Delays in making hundreds of thousands of utility poles ready for high-speed fiber could threaten funding
January 2024
by Tad Dickens, Cardinal News
Hundreds of thousands of utility poles, hundreds of millions in funding and increasingly tight deadlines are part of Virginia’s quest to bring broadband to far-flung rural locations.
The commonwealth has been among the nation’s leaders in deploying internet, state leaders and observers say. But the goal of bringing universal high-speed access — with lots of federal and state money in play — is facing delays.
The latest delays center on stringing broadband fiber across electric utility poles, some of which are so out-of-date that they need to be replaced. Issues between internet service providers and pole owners include how much the work will cost and who will pay for it.

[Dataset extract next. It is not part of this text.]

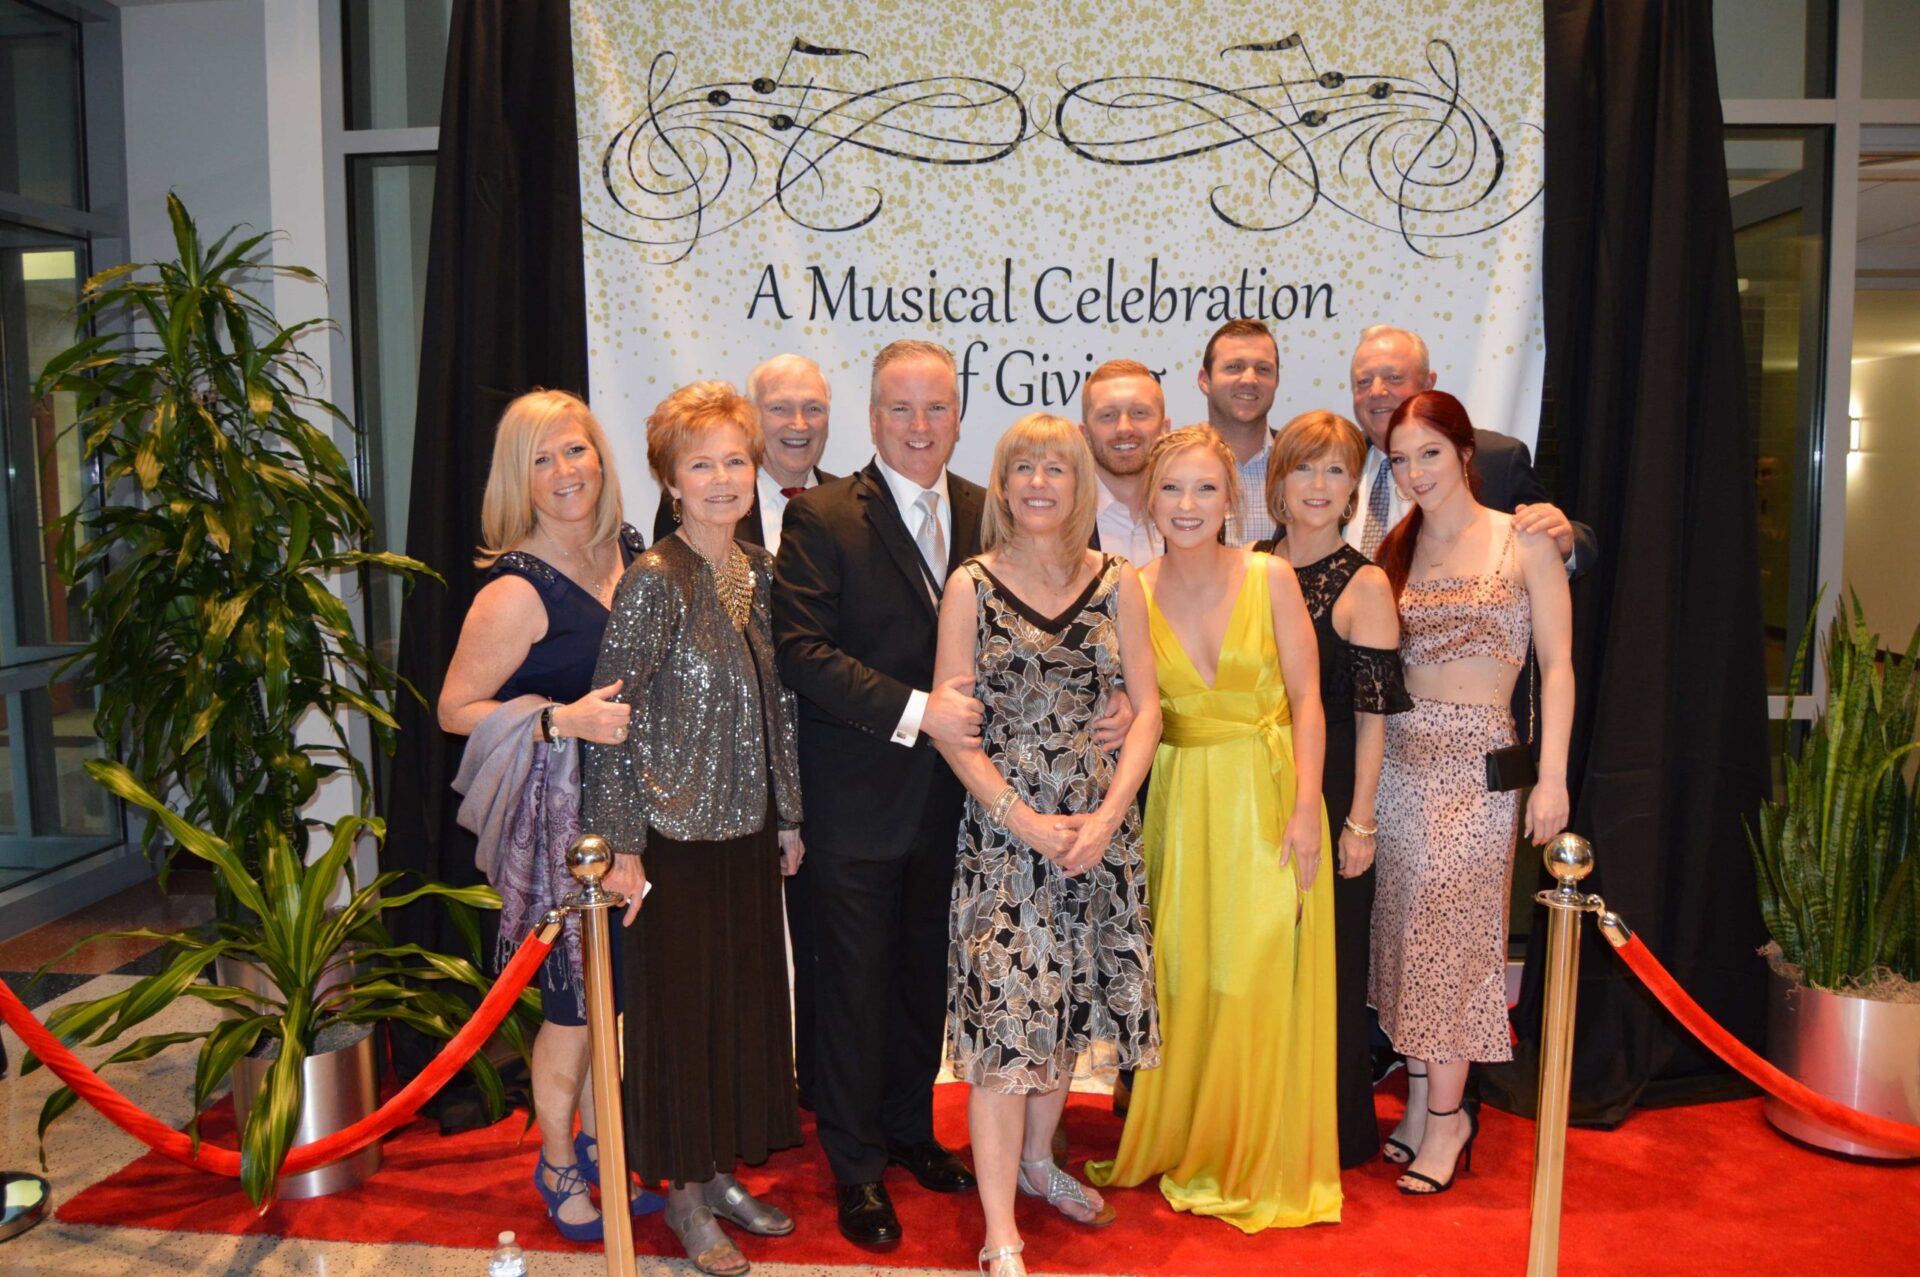 Bev and her family at Musical event

While the state supplies the money, funneling about $750 million to broadband in 2022 alone, it has no legal standing to play referee between the internet service providers (ISPs) and the pole owners. Here’s the dichotomy: The ISPs’ primary task is to get the lines to the people, but electric utilities say their key focus is on providing safe and reliable power.
That difference is causing slowdowns with installing aerial wire, in particular. Throw the logistics of pole updates and workforce shortages into the mix, and Virginia officials are worried about whether they’ll get broadband fiber to all of the estimated 162,000 still-unserved locations before the end of 2026, when federal COVID-19 relief funding will expire. Unspent money would go back to the federal government.

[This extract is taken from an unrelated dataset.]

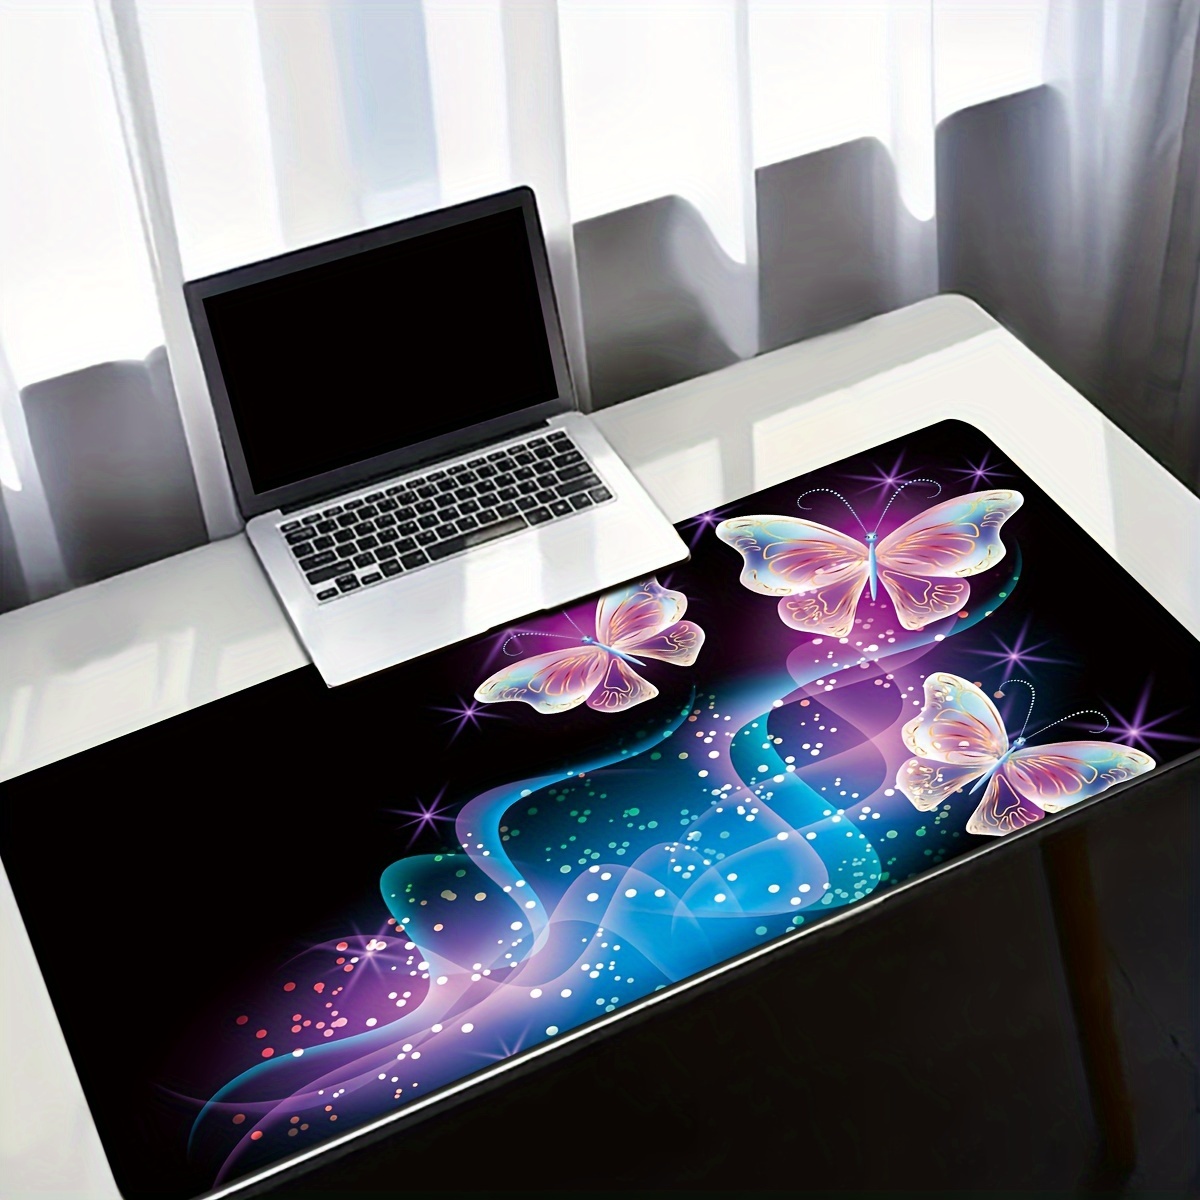 

1pc Large Gaming Mouse Pad, Butterfly Mouse Pad, Keyboard And Mouse Pad, Gaming Mouse Pad For Computer Laptop Office

Those millions created a remarkable demand to add attachments to poles or replace them outright. The state’s largest electricity providers, Appalachian Power and Dominion Energy, received orders related to about 300,000 poles after the 2022 funding windfall. Smaller electric utilities were hit with relatively huge demands for poles, too.
Del. Scott Wyatt, R-Mechanicsville, told the state’s Broadband Advisory Council on Dec. 9 that he was concerned that legislators can’t force the power companies and ISPs to “play together” at the moment. Many are making progress, while others are “at a standstill,” he said. The cost of adding lines to poles is increasing, he added.

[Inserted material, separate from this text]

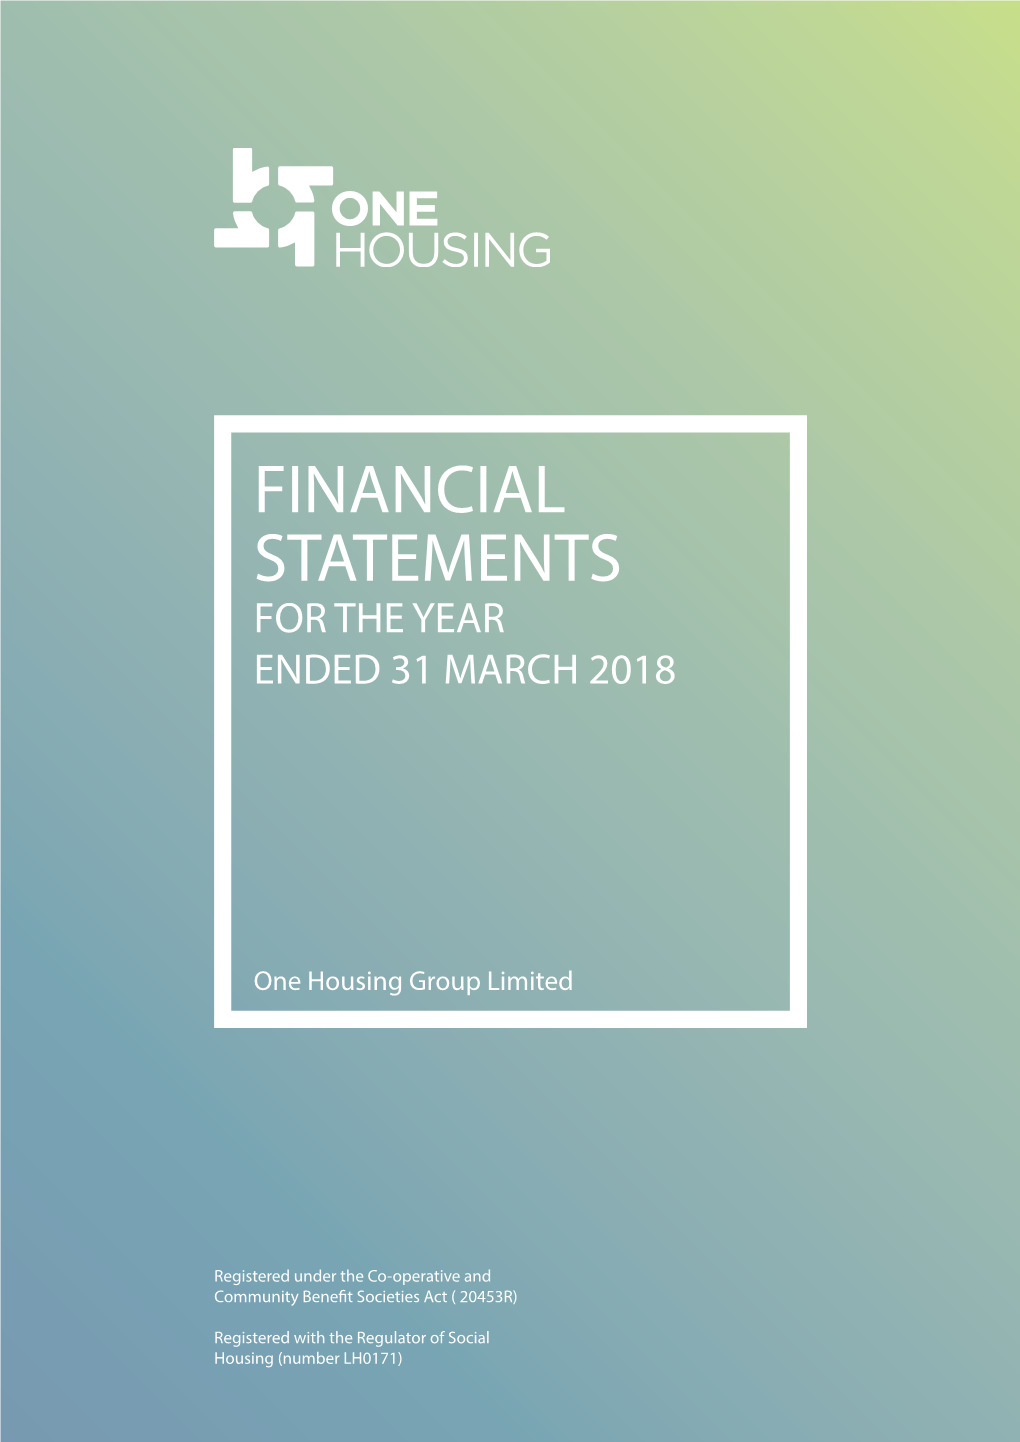 Financial Statements for the Year Ended 31 March 2018

“I’m having heartburn when original negotiations and contracts were $30,000 a mile, and now those prices have changed to $90,000 a mile,” Wyatt, a House Appropriations Committee member, told the council in a recorded meeting. “I … hope that my peers will consider legislation to regulate these folks and force them to come together and work with the ISPs.”
Wyatt was not the only one calling for legislative intervention late last year. House Appropriations Chair Barry Knight boiled it down at the end of a November meeting in Richmond.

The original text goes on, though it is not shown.